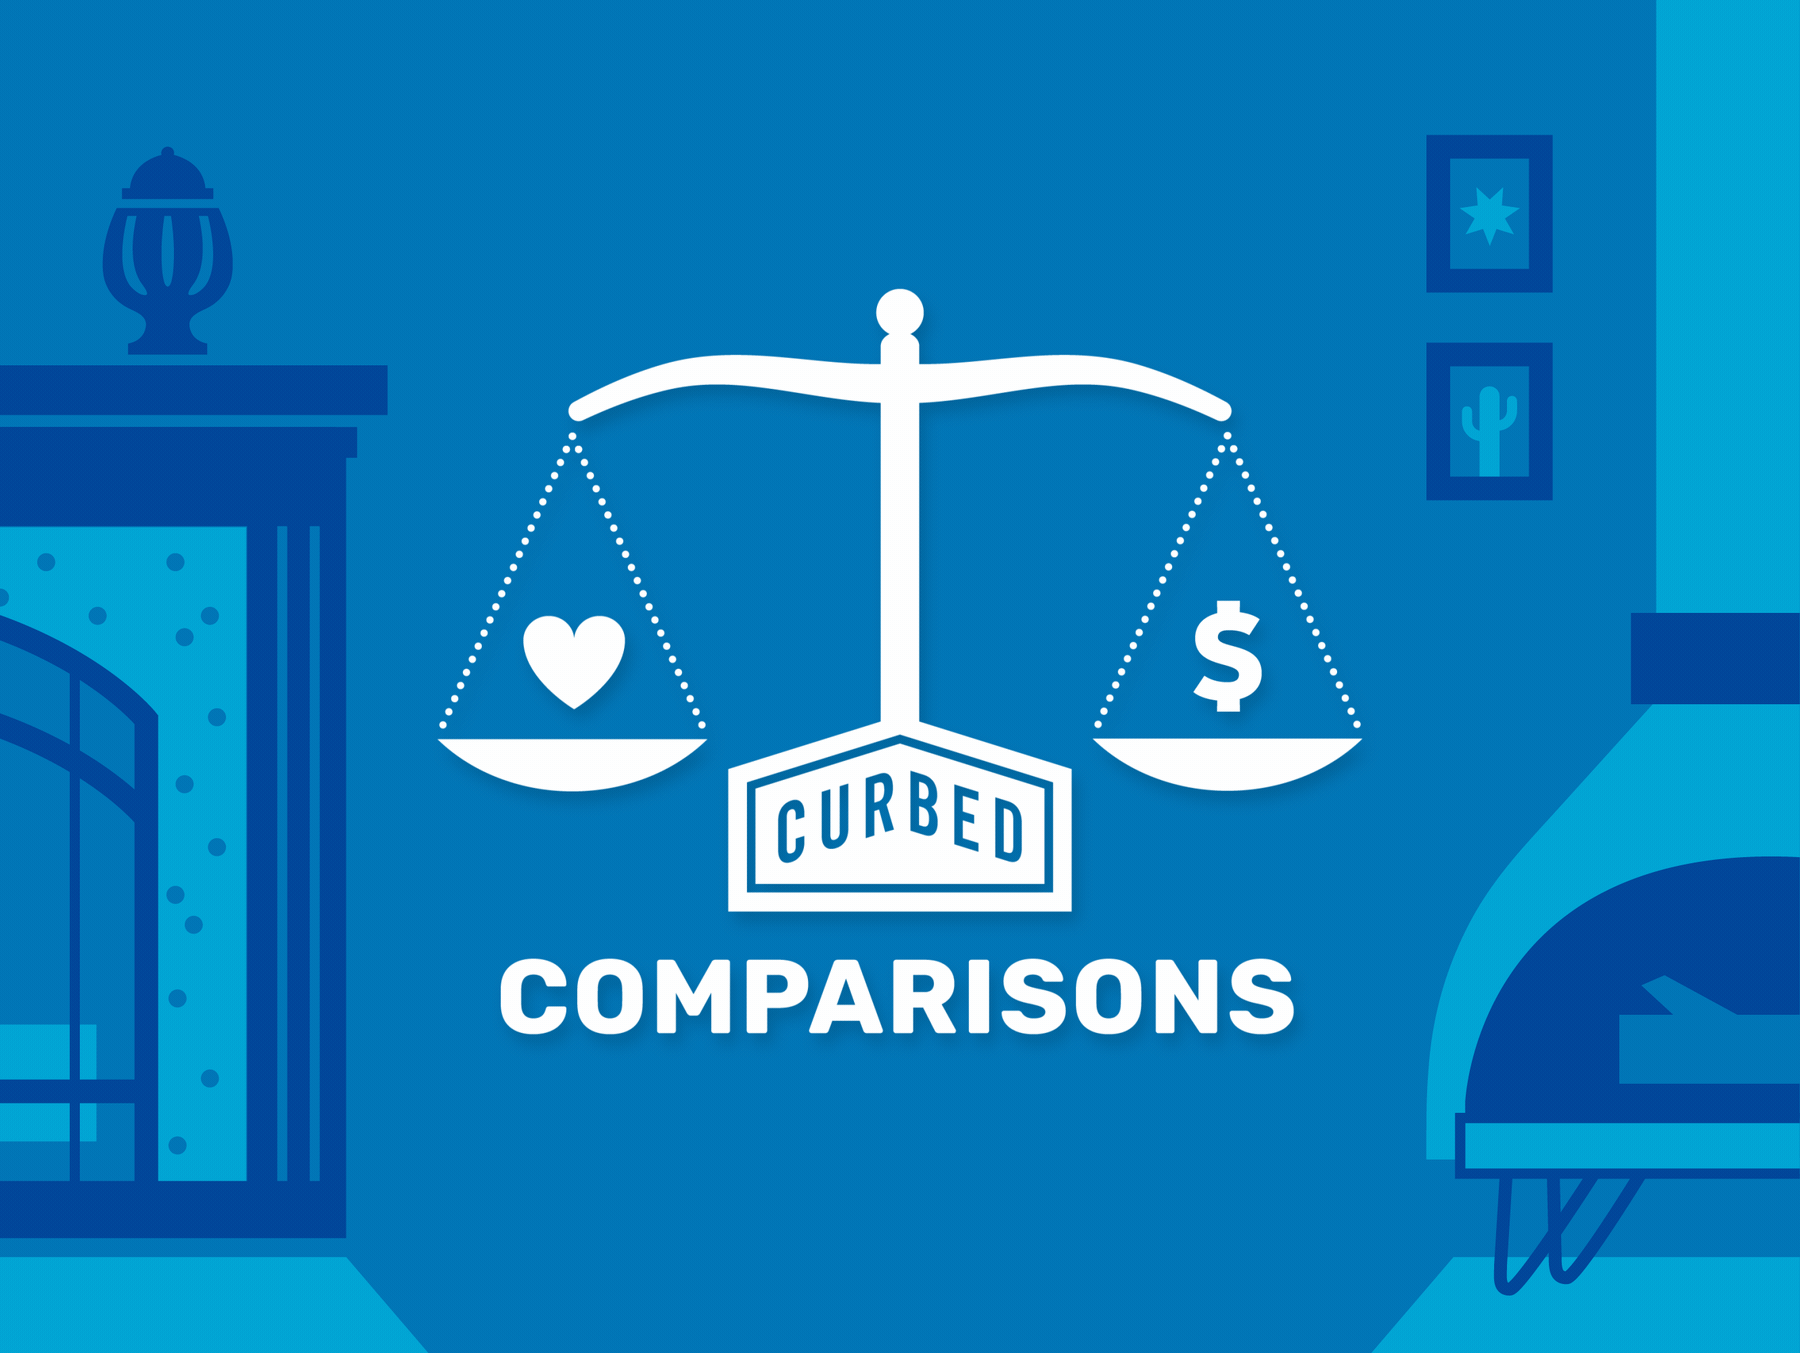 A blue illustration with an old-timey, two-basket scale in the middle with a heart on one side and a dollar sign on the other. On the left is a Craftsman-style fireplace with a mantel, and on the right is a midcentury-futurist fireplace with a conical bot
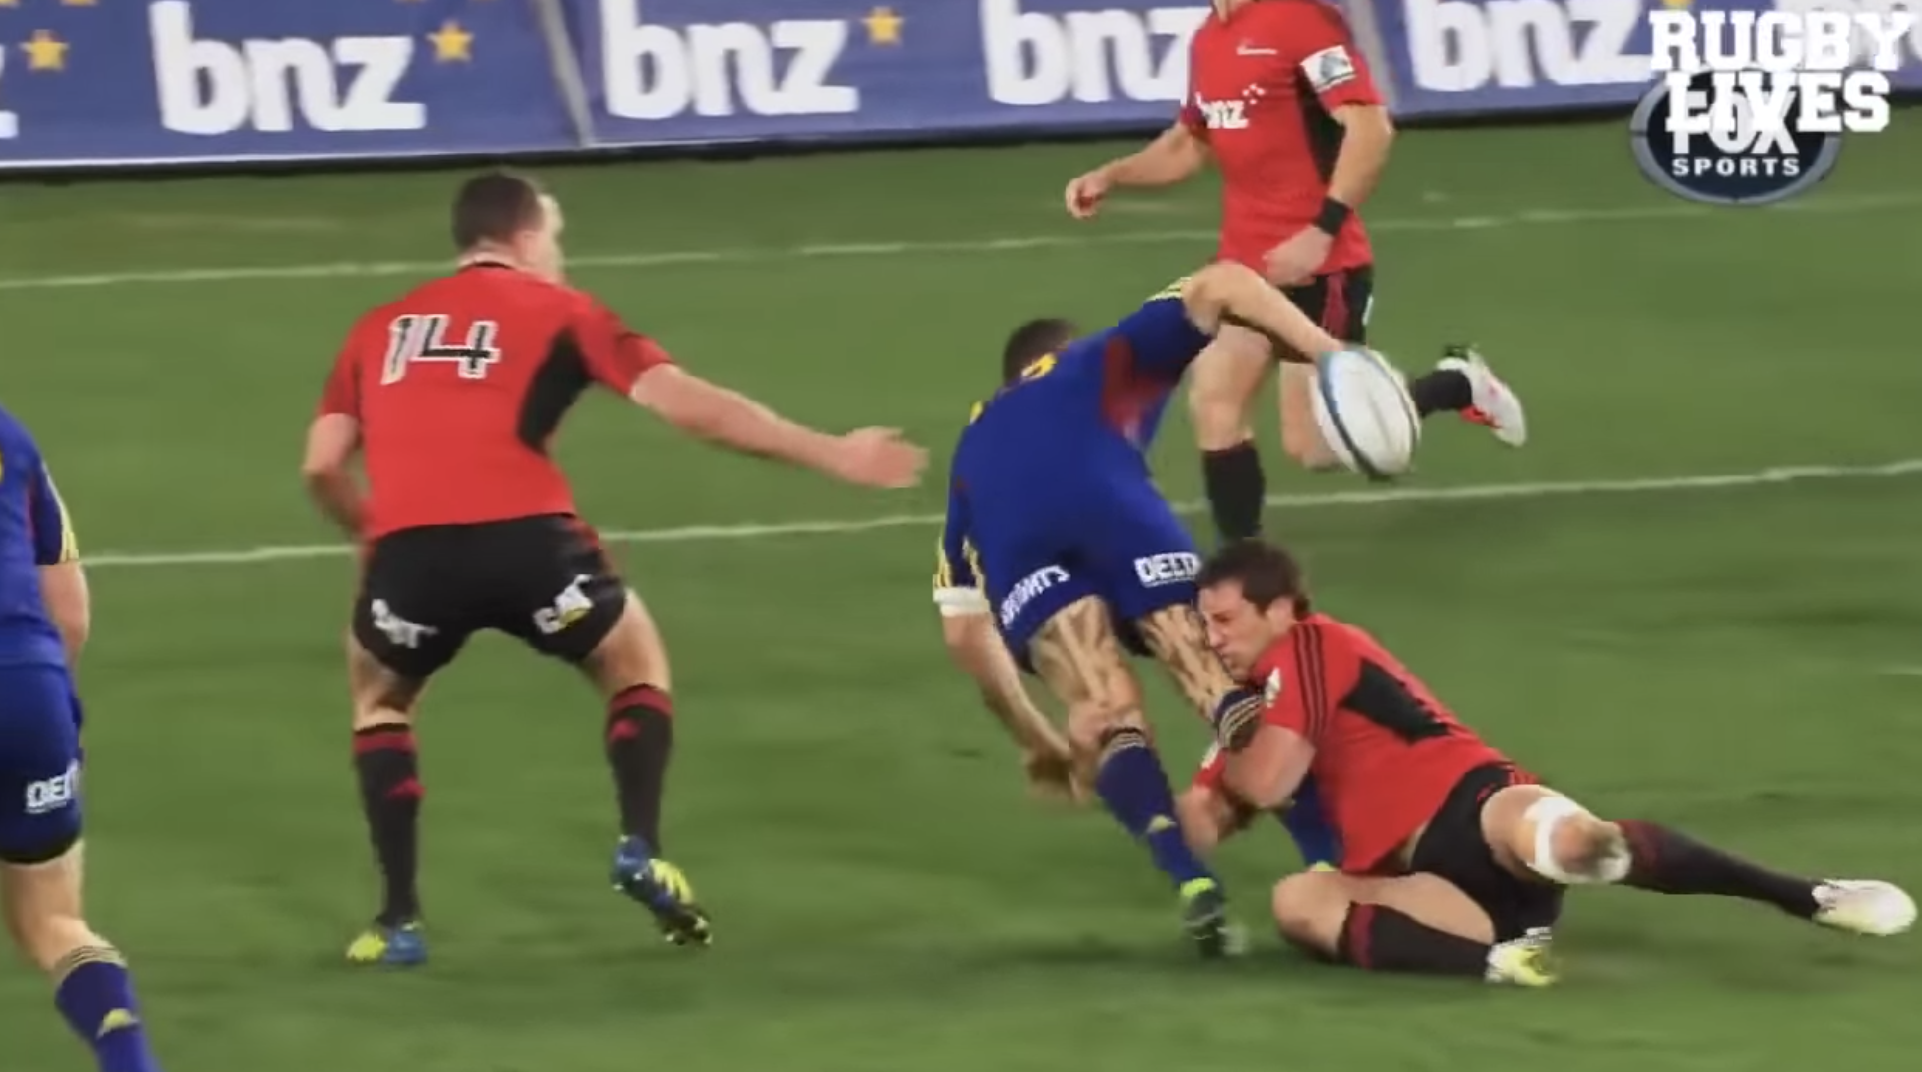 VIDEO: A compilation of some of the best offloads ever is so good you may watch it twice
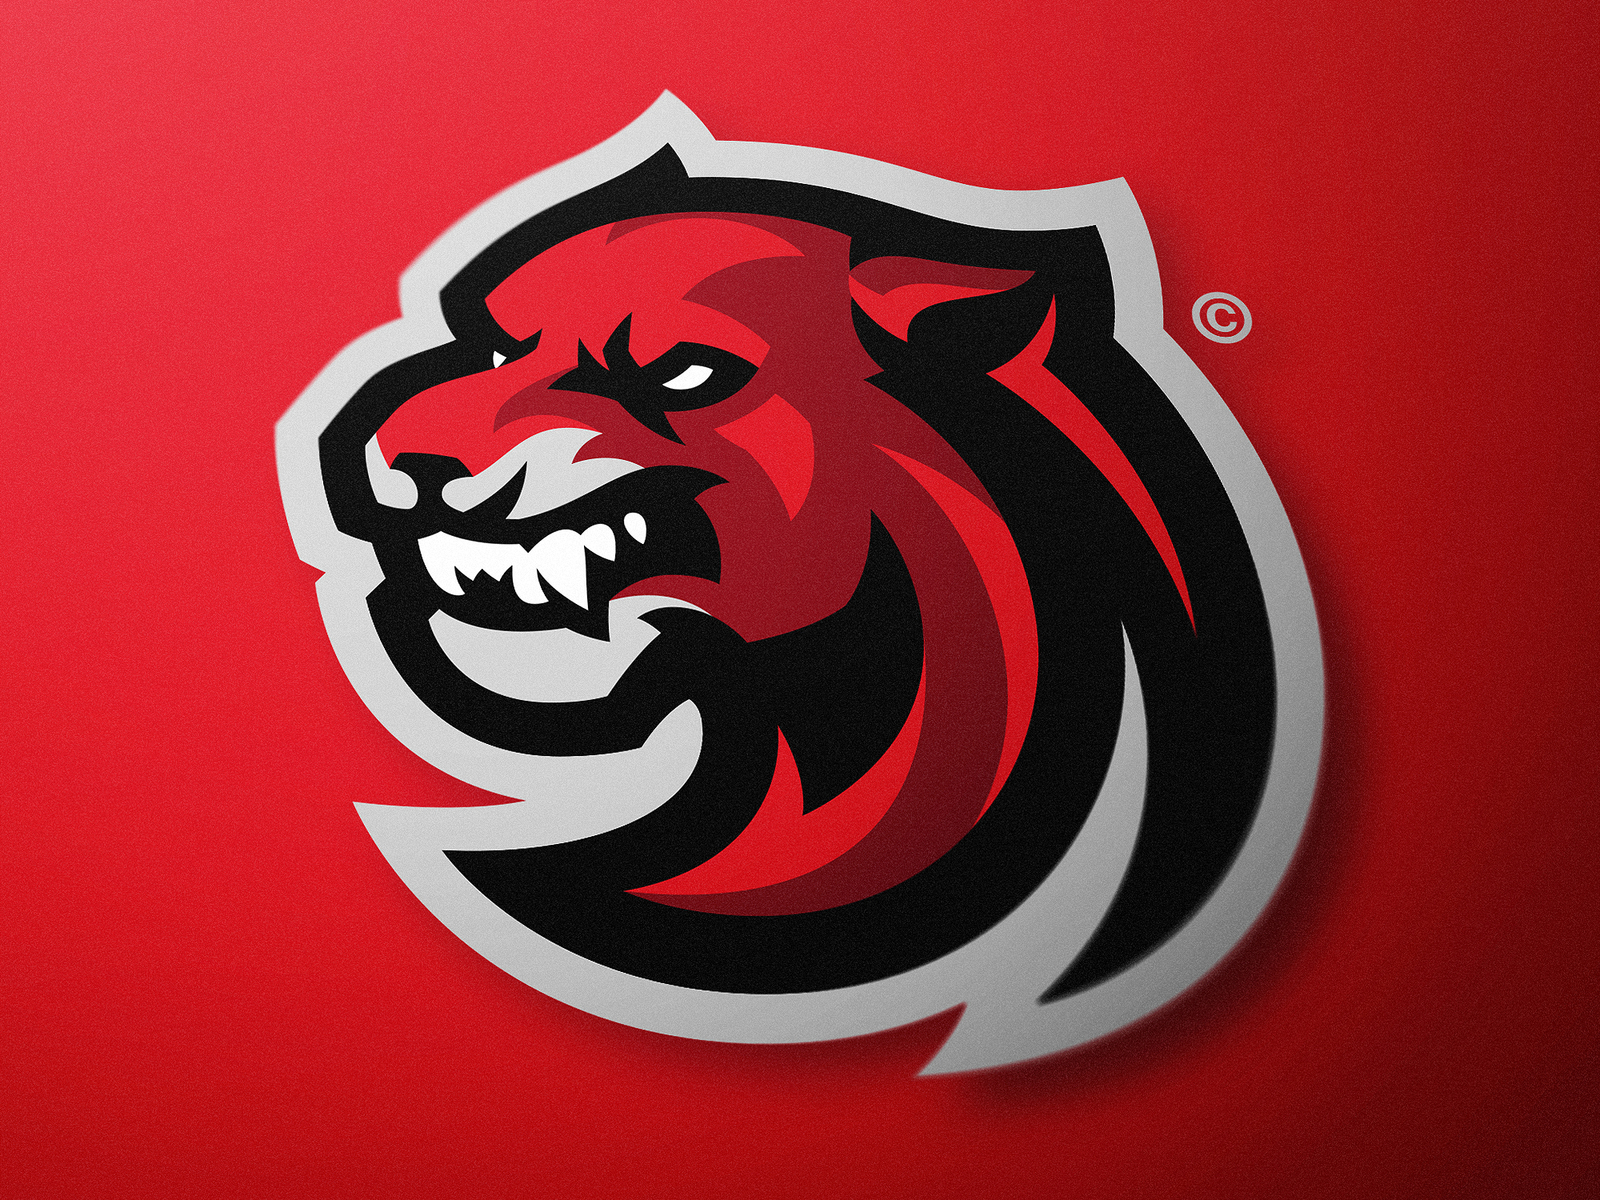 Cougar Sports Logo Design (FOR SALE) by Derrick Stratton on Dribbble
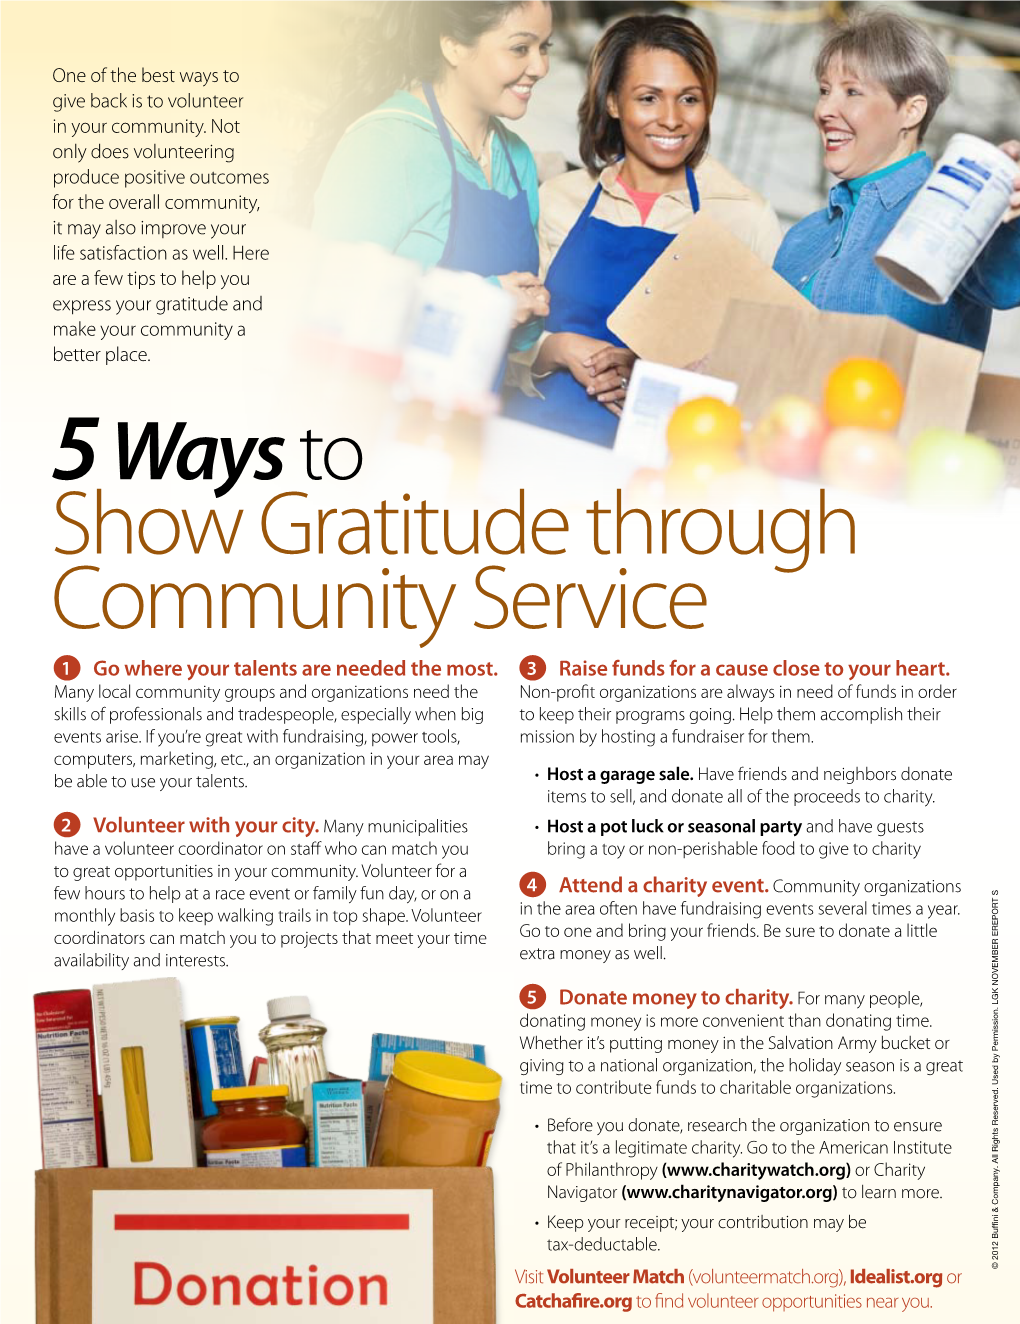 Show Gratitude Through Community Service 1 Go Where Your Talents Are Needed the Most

- **What this task involves**
Where a picture appears, omit it; otherwise reproduce each line above from the first to the one with "Cougar Sports Logo", inclusive.

- **Expected answer**
 A blue illustration with an old-timey, two-basket scale in the middle with a heart on one side and a dollar sign on the other. On the left is a Craftsman-style fireplace with a mantel, and on the right is a midcentury-futurist fireplace with a conical bot
 VIDEO: A compilation of some of the best offloads ever is so good you may watch it twice
 Cougar Sports Logo Design (FOR SALE) by Derrick Stratton on Dribbble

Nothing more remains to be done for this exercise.